- What is needed: Print the lines that run from the line with "Energielabel Kleine Brandenburgerstraat" to the line with "Ein alter Mann", keeping both end lines, exactly as they appear in the entries below, and nothing else.
::: Dataset records
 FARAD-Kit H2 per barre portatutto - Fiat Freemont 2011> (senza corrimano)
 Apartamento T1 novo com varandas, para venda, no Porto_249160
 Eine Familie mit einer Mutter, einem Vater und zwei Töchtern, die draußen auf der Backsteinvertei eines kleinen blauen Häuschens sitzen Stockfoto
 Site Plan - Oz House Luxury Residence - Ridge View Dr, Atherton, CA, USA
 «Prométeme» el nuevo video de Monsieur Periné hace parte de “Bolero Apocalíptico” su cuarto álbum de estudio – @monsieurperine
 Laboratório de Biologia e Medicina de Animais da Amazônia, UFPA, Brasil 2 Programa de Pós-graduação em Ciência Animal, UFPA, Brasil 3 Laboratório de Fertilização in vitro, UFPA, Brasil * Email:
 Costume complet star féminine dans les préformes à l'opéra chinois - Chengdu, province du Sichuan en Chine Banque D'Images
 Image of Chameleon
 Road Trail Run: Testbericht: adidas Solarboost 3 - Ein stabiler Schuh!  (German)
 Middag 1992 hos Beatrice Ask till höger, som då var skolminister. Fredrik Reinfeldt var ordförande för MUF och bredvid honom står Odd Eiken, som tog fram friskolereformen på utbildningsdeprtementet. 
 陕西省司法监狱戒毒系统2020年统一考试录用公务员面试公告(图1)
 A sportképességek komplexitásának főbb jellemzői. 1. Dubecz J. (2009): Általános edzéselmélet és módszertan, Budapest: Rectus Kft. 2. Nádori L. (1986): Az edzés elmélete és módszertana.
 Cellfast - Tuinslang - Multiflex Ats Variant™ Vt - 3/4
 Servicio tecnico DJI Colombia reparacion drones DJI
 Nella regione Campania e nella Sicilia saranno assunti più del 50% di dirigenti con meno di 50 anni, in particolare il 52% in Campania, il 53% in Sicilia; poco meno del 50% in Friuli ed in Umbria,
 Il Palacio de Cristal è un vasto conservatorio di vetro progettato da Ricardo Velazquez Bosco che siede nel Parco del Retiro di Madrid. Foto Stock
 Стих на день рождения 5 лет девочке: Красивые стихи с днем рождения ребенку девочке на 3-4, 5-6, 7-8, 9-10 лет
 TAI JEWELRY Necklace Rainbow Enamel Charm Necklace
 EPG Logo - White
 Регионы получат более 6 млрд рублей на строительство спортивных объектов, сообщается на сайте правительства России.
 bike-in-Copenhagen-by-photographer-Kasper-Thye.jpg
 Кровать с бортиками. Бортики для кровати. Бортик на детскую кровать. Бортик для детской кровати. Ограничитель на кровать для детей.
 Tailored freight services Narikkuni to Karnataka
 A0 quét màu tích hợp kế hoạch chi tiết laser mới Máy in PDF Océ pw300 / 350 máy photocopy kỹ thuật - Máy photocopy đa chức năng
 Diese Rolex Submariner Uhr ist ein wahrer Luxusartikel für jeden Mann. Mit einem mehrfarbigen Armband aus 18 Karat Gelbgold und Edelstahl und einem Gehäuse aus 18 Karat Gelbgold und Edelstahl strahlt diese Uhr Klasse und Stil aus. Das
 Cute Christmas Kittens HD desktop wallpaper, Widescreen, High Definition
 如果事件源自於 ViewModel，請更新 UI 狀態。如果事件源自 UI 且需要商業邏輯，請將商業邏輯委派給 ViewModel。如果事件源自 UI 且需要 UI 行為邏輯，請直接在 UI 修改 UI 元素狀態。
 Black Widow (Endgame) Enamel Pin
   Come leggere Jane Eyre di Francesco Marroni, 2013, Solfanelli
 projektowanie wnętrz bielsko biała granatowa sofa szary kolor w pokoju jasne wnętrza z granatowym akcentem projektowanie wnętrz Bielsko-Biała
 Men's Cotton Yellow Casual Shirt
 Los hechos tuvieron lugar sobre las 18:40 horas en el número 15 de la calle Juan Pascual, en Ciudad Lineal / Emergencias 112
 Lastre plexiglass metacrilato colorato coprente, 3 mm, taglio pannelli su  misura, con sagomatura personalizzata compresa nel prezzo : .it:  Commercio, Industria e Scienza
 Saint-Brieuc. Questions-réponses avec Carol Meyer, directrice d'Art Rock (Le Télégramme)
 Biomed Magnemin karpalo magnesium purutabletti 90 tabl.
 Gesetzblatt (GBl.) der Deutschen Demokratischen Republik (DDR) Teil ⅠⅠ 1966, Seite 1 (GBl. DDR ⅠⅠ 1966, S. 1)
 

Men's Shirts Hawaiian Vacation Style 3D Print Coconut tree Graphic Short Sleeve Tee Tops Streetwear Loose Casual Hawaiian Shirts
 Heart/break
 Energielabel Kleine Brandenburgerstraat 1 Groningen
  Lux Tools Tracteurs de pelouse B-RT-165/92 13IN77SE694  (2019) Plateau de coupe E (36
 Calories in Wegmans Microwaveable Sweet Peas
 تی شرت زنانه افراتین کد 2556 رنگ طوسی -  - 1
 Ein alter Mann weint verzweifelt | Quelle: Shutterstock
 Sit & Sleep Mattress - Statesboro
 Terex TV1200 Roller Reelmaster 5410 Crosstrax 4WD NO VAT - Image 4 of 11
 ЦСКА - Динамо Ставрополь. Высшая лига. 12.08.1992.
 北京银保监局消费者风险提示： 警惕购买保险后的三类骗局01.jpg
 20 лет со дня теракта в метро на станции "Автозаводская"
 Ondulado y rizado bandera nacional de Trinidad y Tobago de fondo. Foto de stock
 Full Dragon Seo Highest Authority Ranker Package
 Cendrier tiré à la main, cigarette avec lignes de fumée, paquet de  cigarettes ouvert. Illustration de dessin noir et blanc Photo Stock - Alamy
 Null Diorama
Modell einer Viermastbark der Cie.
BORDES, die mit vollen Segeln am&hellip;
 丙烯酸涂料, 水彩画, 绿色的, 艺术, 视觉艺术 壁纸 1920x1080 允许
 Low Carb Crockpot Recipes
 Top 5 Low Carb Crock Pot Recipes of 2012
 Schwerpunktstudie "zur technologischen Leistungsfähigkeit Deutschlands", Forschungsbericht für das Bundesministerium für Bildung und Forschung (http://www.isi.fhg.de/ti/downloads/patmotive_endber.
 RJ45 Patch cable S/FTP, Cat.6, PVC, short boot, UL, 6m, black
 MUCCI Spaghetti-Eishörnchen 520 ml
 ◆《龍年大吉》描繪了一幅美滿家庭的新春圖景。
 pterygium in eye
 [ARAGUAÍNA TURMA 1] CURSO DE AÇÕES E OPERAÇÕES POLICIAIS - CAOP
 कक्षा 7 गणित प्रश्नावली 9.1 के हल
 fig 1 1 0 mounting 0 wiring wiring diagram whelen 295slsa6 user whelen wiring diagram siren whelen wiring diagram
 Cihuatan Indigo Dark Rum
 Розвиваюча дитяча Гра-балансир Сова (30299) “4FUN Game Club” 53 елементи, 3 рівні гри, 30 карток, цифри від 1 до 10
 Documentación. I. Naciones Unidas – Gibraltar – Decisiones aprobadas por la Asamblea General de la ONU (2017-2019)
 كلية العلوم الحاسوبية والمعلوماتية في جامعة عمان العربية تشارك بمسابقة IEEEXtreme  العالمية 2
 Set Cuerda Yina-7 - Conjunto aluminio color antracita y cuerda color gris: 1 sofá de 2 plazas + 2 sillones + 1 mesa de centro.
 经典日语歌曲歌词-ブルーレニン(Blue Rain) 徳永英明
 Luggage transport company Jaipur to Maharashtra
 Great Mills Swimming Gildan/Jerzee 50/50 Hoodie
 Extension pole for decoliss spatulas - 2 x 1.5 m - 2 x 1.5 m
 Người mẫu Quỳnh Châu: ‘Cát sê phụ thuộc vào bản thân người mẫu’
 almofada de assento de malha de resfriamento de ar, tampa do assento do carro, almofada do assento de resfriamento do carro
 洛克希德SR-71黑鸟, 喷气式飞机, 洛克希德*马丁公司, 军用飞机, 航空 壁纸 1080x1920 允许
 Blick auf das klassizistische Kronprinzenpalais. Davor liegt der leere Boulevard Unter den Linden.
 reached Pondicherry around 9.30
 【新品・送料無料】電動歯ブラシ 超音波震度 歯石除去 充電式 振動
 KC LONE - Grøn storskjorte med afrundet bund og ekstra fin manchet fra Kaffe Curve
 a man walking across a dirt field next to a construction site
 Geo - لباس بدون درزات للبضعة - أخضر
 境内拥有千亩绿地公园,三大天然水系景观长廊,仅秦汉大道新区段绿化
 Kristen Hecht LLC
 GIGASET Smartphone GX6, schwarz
::::::
- Your response:
 Energielabel Kleine Brandenburgerstraat 1 Groningen
  Lux Tools Tracteurs de pelouse B-RT-165/92 13IN77SE694  (2019) Plateau de coupe E (36
 Calories in Wegmans Microwaveable Sweet Peas
 تی شرت زنانه افراتین کد 2556 رنگ طوسی -  - 1
 Ein alter Mann weint verzweifelt | Quelle: Shutterstock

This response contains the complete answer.